In our minds, Patrick and I had Sicily scheduled to go inpatient for another round of chemo next week sometime. We are now learning that this time around is completely different. We aren't following a piece of paper, often referred to as a road map, that tells us what we will be doing from week to week. We are now focusing on what Sicily's body is telling us is okay to do. She may not be ready for another treatment next week.
Dr. Hum says they like to have a 21 to 28 day window between treatments, but she has gone as long as five weeks in between to let the child's body recover. I long ago quite writing in pen on my calendar and now it's even hard to pencil things in. When I say we live from day to day, we truly try not to look past the next week because we don't know where we will be or what we will be doing. It's not a bad thing. I am a planner by nature so it just takes a little adjusting and getting used to.
It still amazes us how well Sicily is feeling when the numbers on a piece of paper say otherwise. Those numbers don't take into consideration "who" they belong to! ; )
As Sicily sat in a chair in one of the exam rooms receiving her transfusion of platelets, she fell asleep...sitting up, legs pulled up like a frog, head resting on her own shoulder. It must've been the Benadryl and Tylenol cocktail she swallowed before hand. Our nurse, Laura, and I joke about the color of the bag of platelets being pumped into my little girls body. They are a cloudy, yellowish color. I first thought they looked like the fat drippings from a turkey (I must still have Thanksgiving on the mind) and then considered maybe lemonade, but lemonade is still too pretty. We settled on green tea. For those who don't drink green tea...it is not green! ; ) This is how I spend my time on days like today.

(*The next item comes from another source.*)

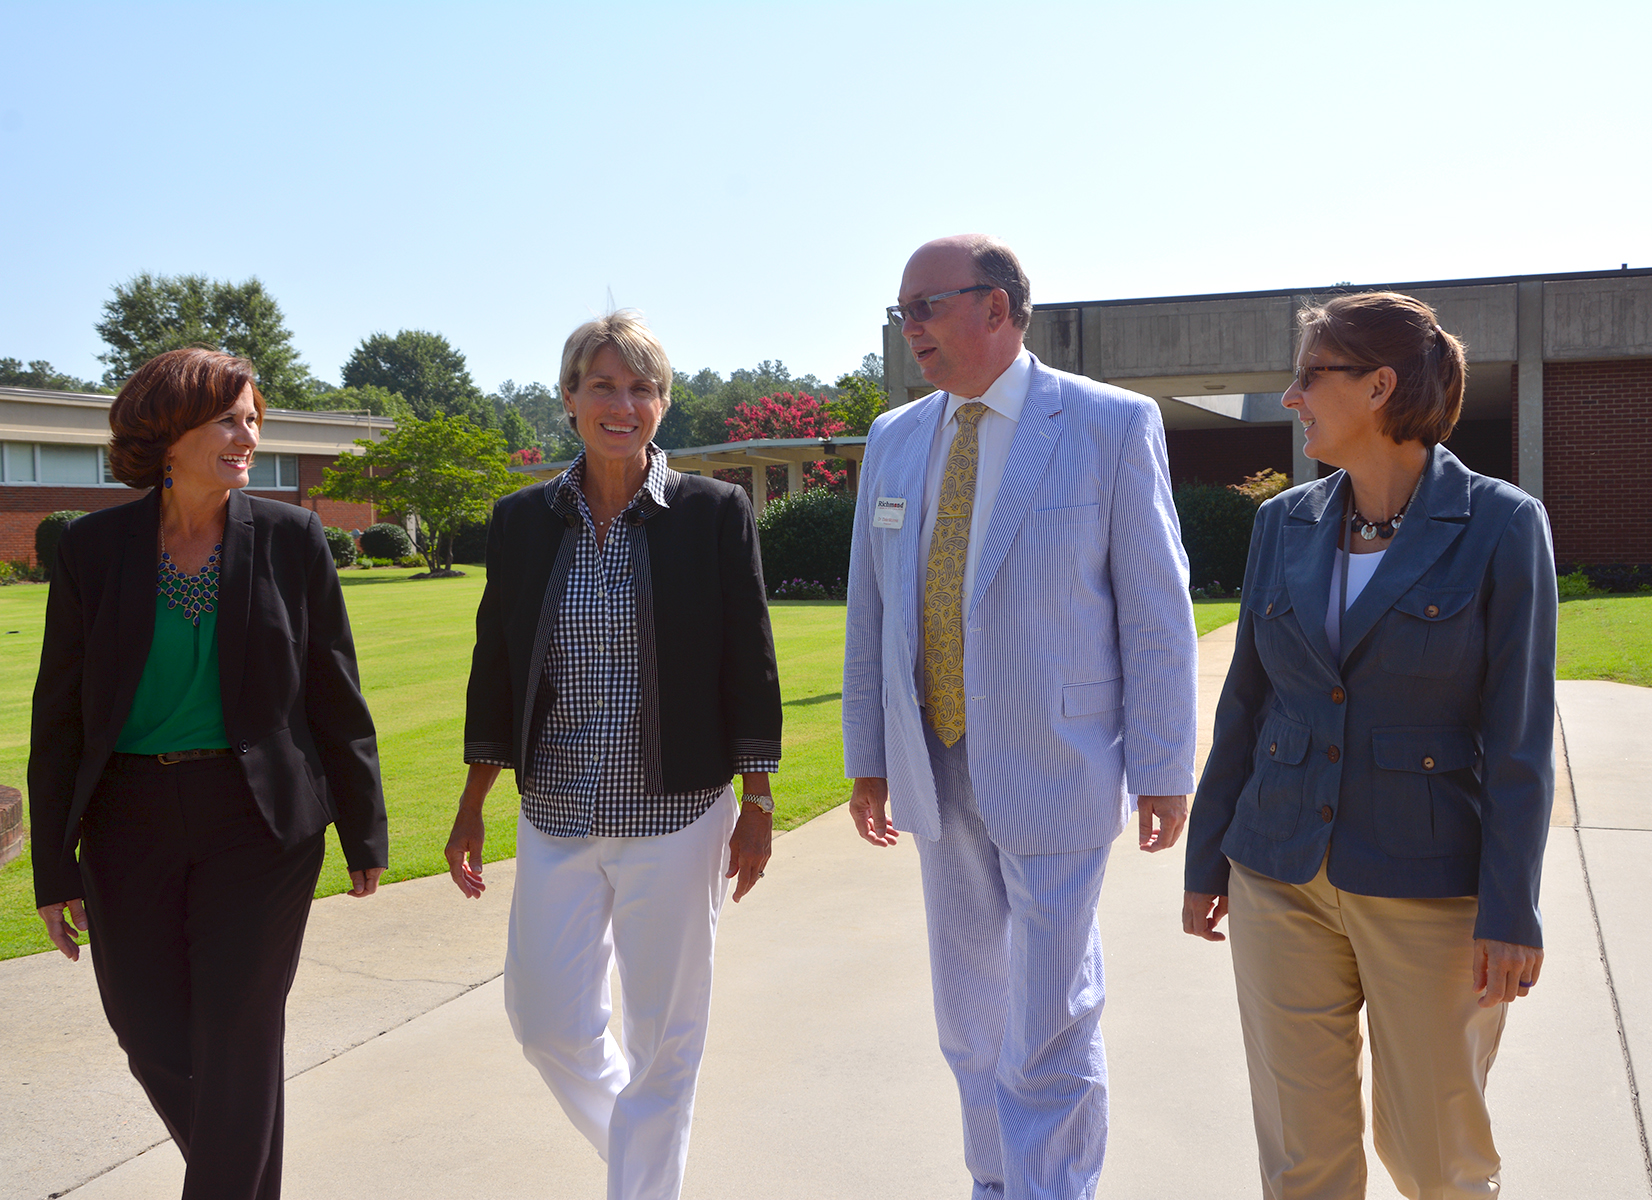 Pictured walking across campus at Richmond Community College are, from left to right, Kelly DeLong, director of K-12 Math and Science; Dr. Cindy Goodman, superintendent for Richmond County Schools; Dr. Dale McInnis, RCC president; and Cynthia Reeves, RCC’s associate dean of Institutional Effectiveness and Improvement. RCC and Richmond County Schools recently received a $750,000 grant from the Golden LEAF Foundation.

I've said it before and I'll say it many times again...going to the pediatric oncology clinic is like visiting family or dear friends. When we go, I can be assured I will have someone to laugh with, someone to chat with, and if needed, someone to cry with, although I feel fortunate I haven't had to do too much of that. These are very special people. Day in and day out they take care of sick children. That has to be one of the hardest jobs in the world, in my book. Yet, I leave there each time feeling good. Even through all the sadness there is laughter and joy. That's how life should be lived beyond the pediatric oncology clinic doors...the outside world should take note.
It's funny when Dr. Hum tells me she needs us back in on Friday, and my thought is, "Great...I get to have conversations with other adults again! Twice in one week!" I have plenty of conversations with Patrick...I'm not trying to discount him. Other stay-at-home mothers understand what I am saying! Now that I am back to hunkering down during the day and not taking Sicily anywhere unnecessarily, that caged in feeling starts to creep up on me. So, the bottom line is, I like our trips to the clinic. It has to be done so I might as well enjoy it, or better yet, love it as just another part of our lives!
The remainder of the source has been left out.